### [What you should do]
Each line below is to be copied exactly; images do not go into the copy.

### [Dataset extract]
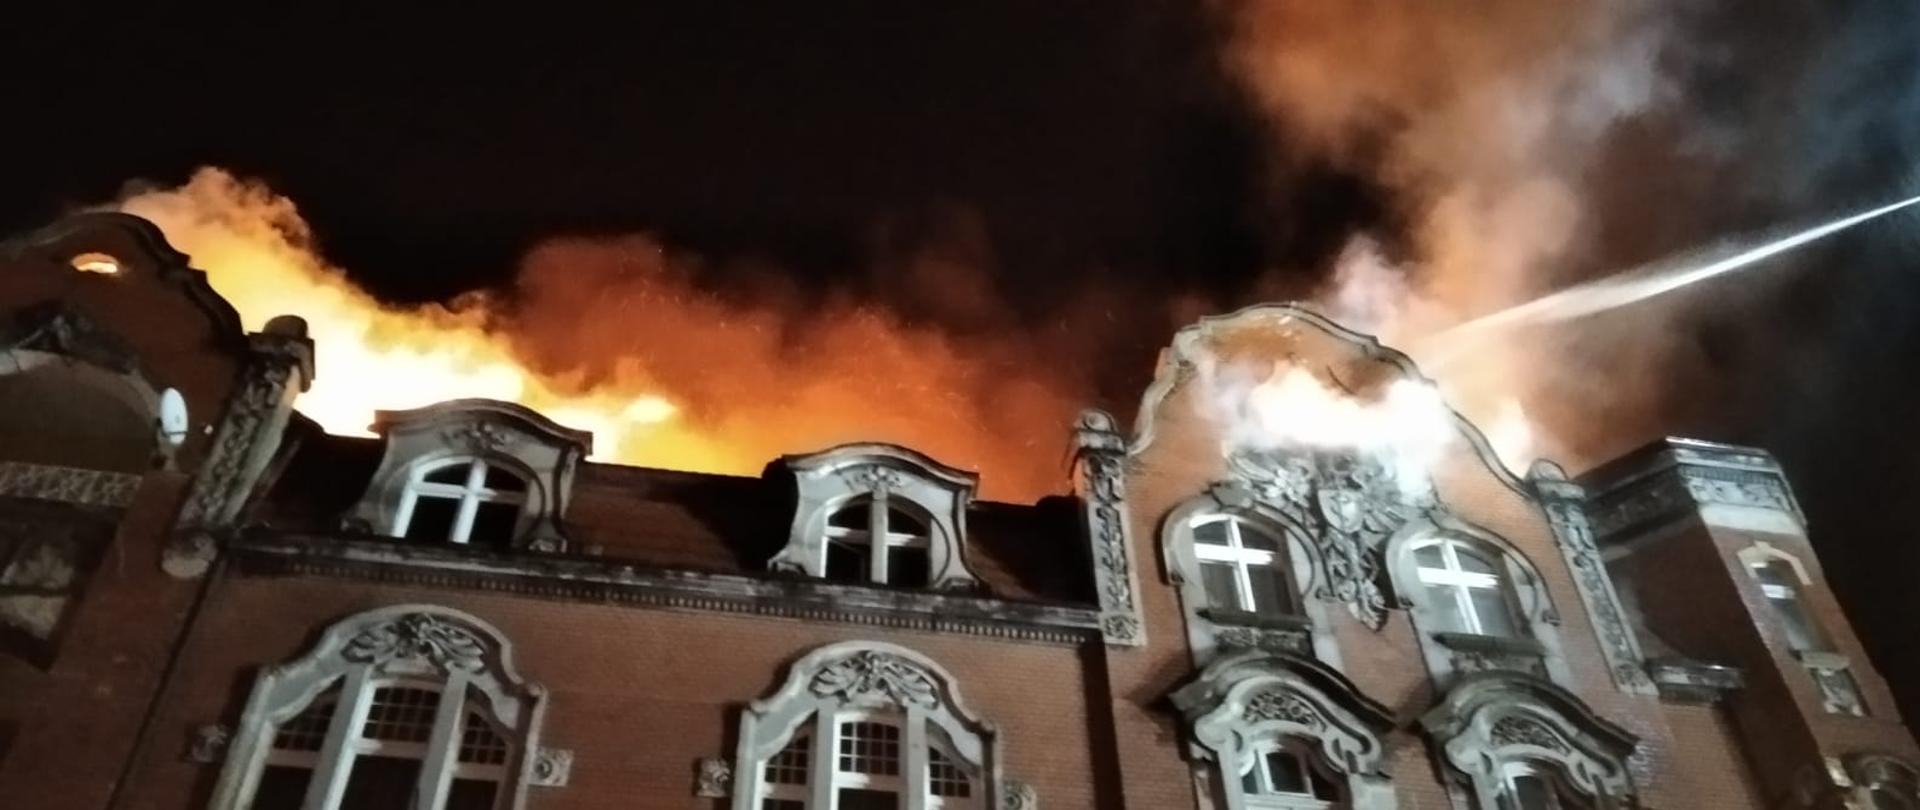 Pożar dachu w budynku mieszkalnym wielorodzinnym przy ul. Dworcowej w Zabrzu.
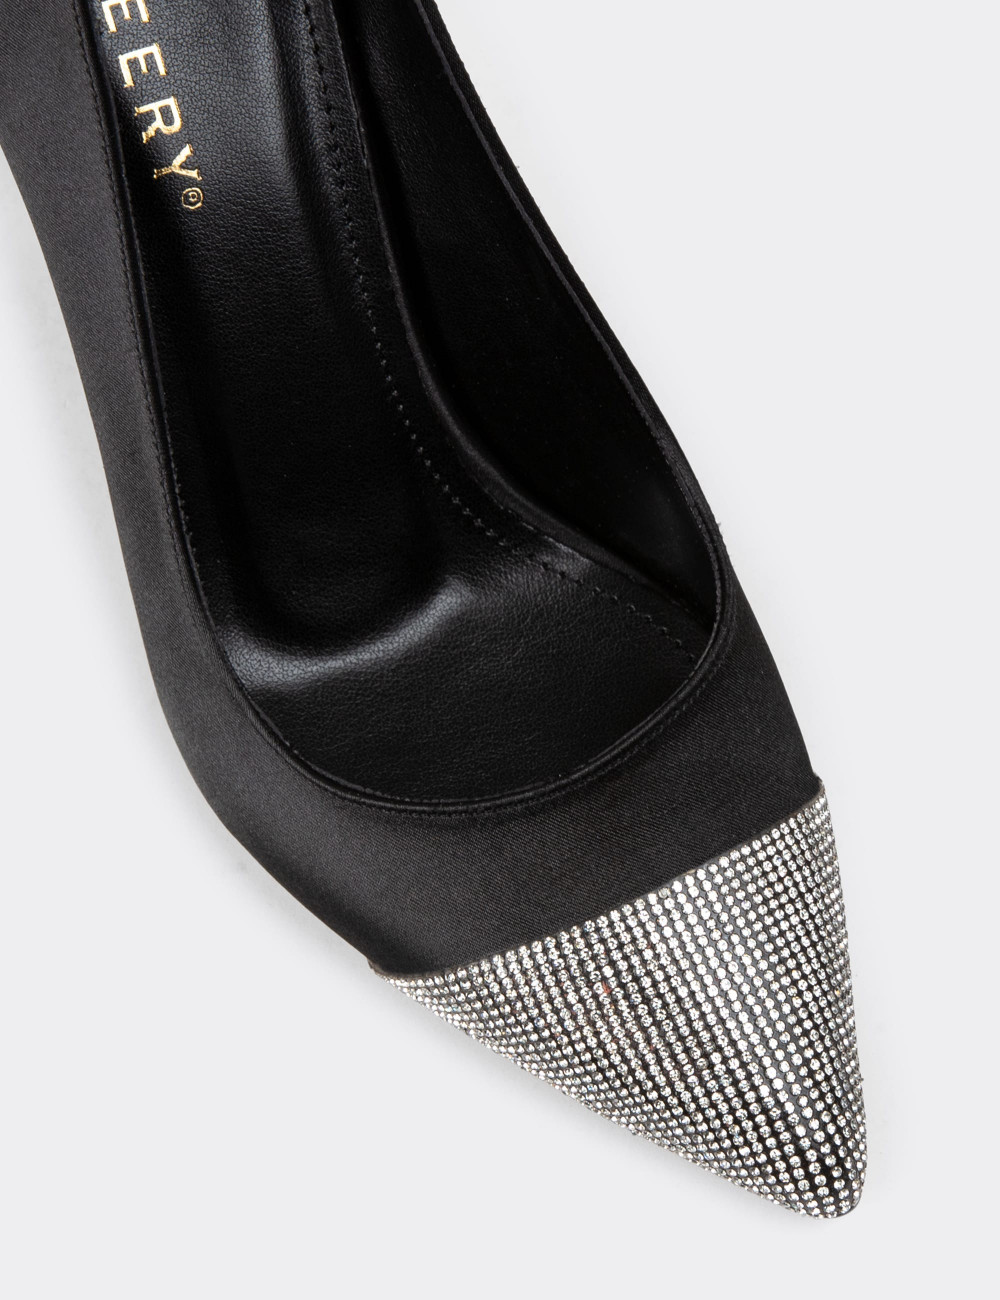 Siyah Saten Taşlı Stiletto Kadın Topuklu Ayakkabı - K0030ZSYHM01
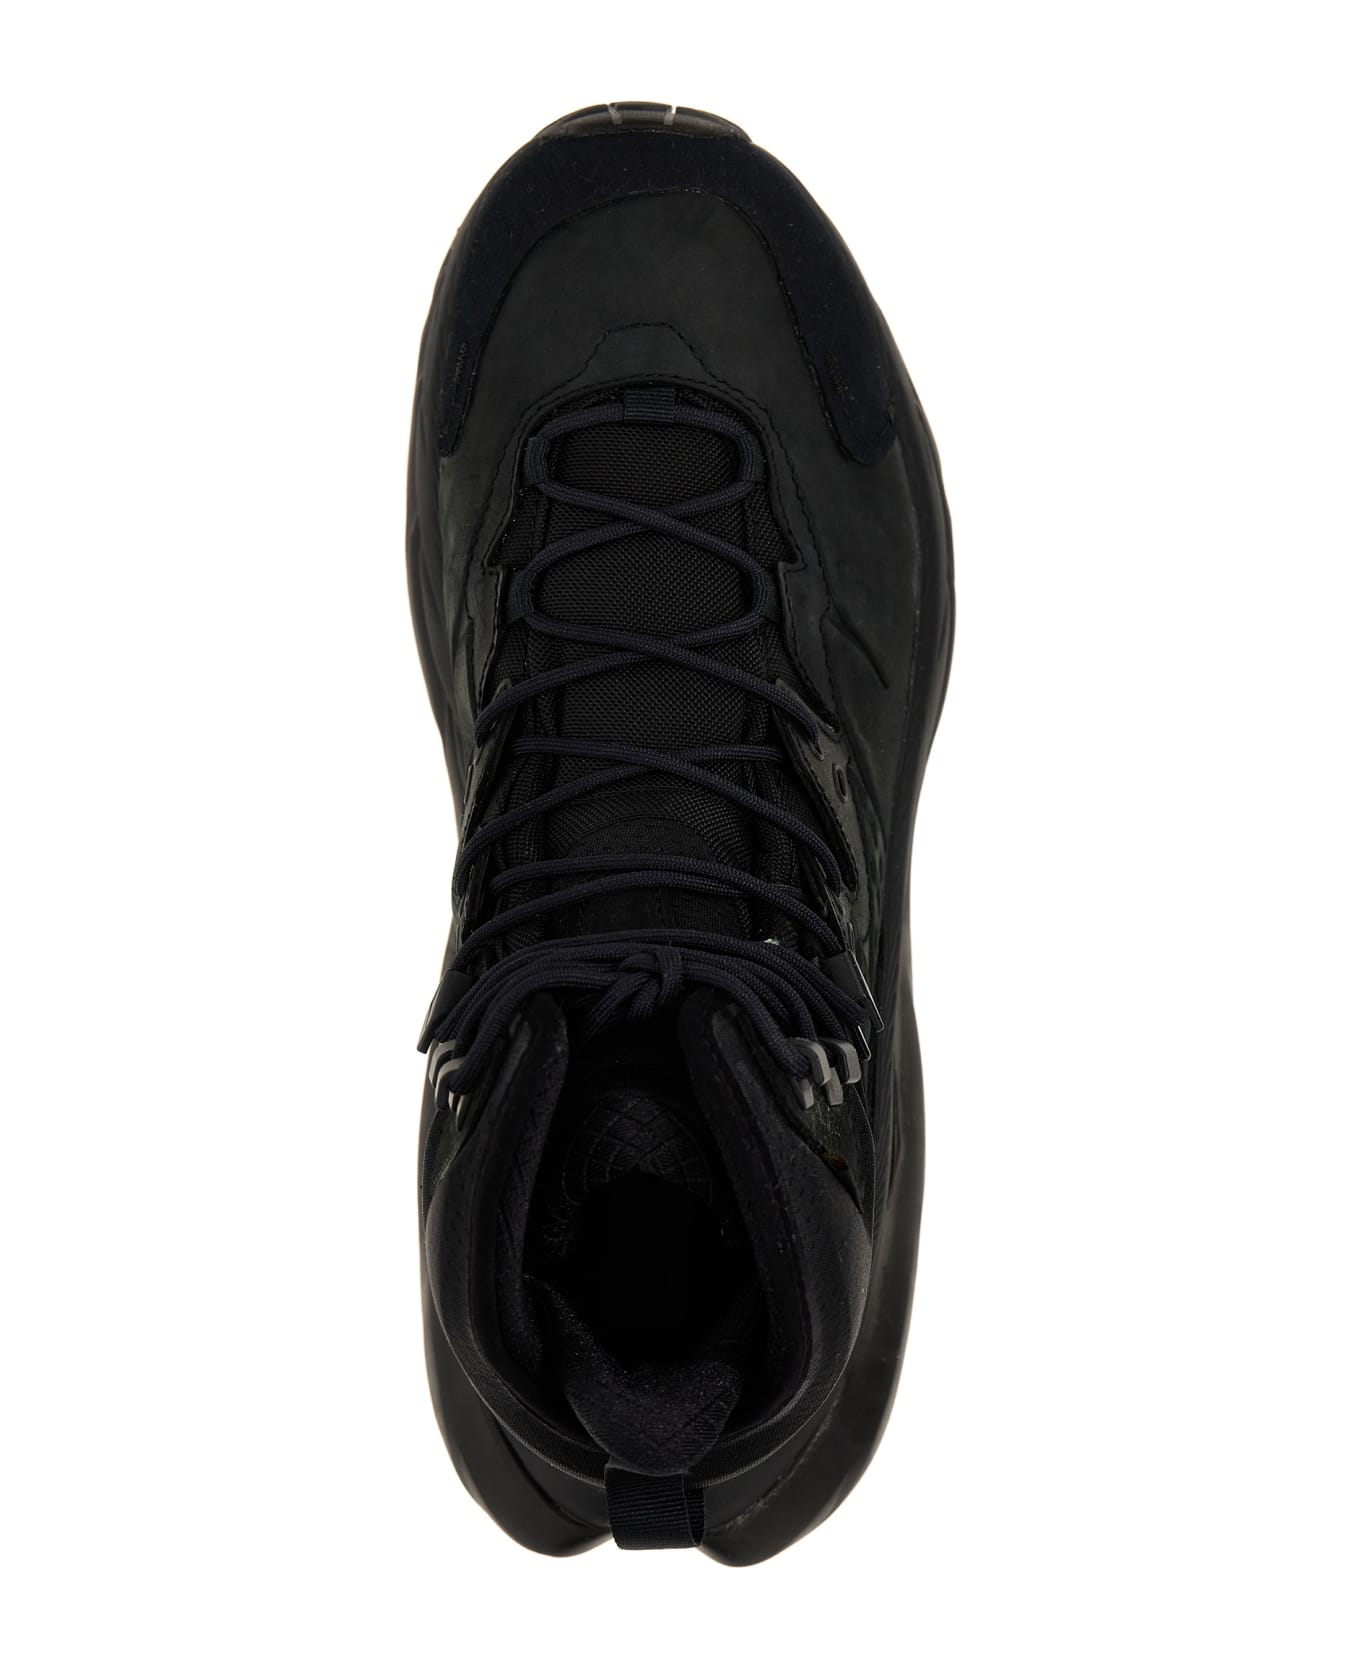 Hoka One One 'kaha 2 Gtx' Sneakers - Black

### [Output for this task]
 Pożar dachu w budynku mieszkalnym wielorodzinnym przy ul. Dworcowej w Zabrzu.
 Siyah Saten Taşlı Stiletto Kadın Topuklu Ayakkabı - K0030ZSYHM01
 Hoka One One 'kaha 2 Gtx' Sneakers - Black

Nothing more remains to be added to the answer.